The scariest is the one for Propecia (I believe) about women who may be pregnant handling broken tablets! Yeah, I feel safe with this stuff around.


Another of the side effects they mention (for men) is sexual dysfunction. I mean if it does that, what difference does it make if you’re bald or not?

Martha Stewart. Anything advertised by Martha Stewart. Anything authorized by Martha Stewart. I don’t wish her death or dismemberment, but I would like to slap her face, just once. It’s a good thing!

There’s a weight-loss product ad here in LA that bugs the hell out of me. It has this little girl (about 10) saying, “You’re just a big teddy bear. You don’t have to be so big” or some crap like that.

Start them young, why don’t you.

There’s this radio commercial for a tanning salon that makes me what to take a baseball bat to my radio every time I hear it.
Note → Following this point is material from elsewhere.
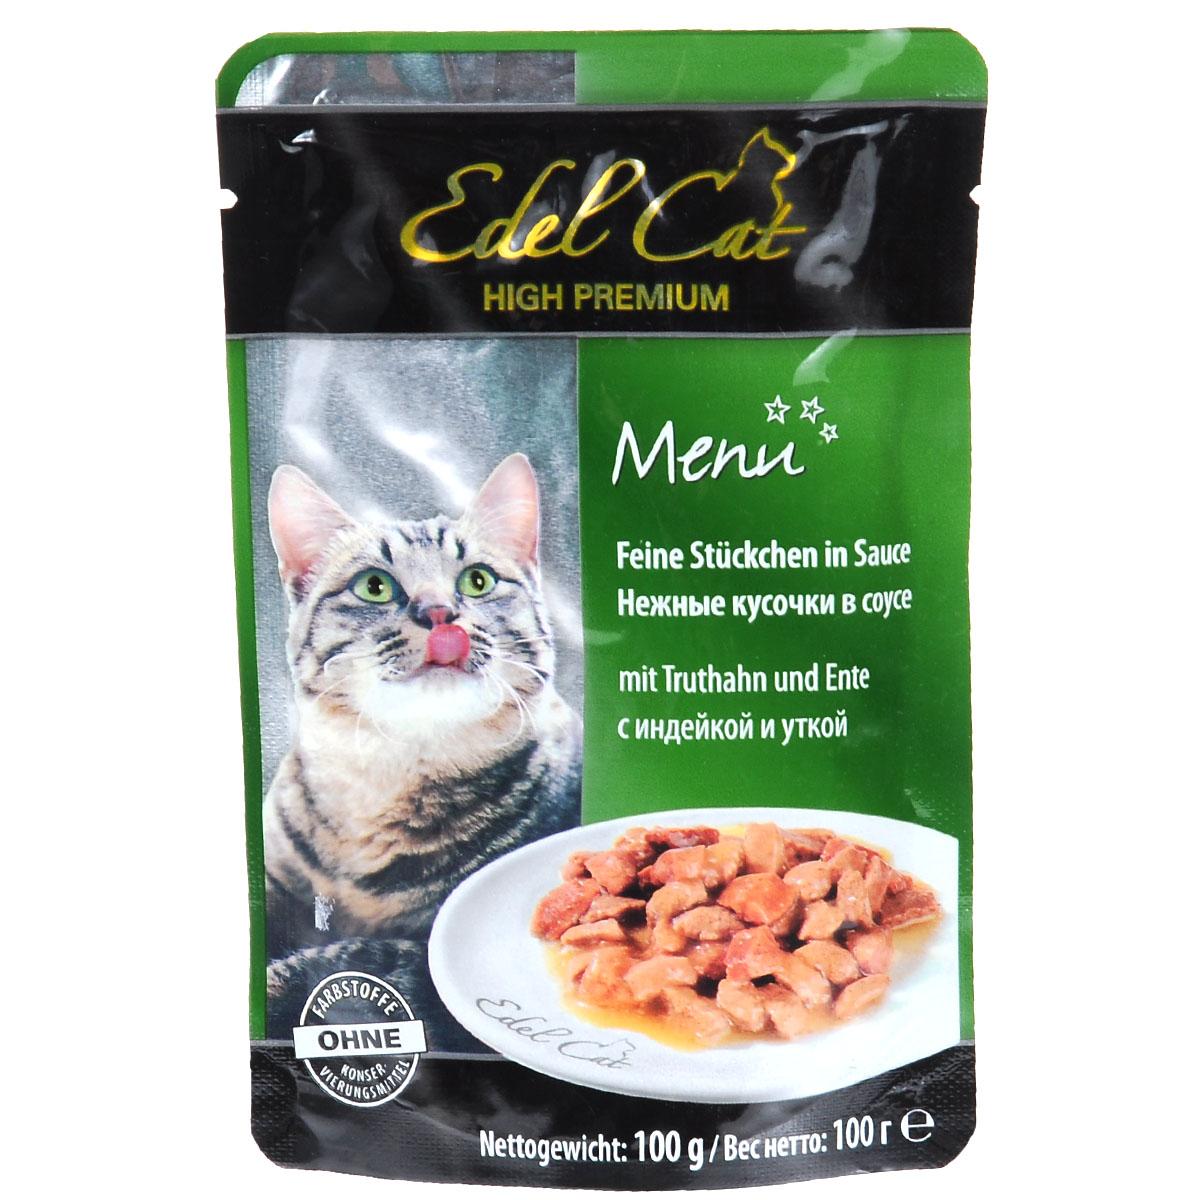 Консервы для кошек Edel Cat, с индейкой и уткой в соусе, 100 г корм edel cat гусь печень 100g 8104

It has this ridiculous jingle, “Every now and then I gotta get away and do something for me, gotta get away and spend a little me time, you know what I mean…” Yeah, I’m going to have some “me time” (a phrase I loathe) and I’m going to spend it giving myself skin cancer. Wee. I become physically ill just thinking about it. And then, this moronic voiceover starts, and the guy is going on about how first you come in “a couple a three times” to start your tan (a couple of three times? like 6 times? AAARRRGHH!).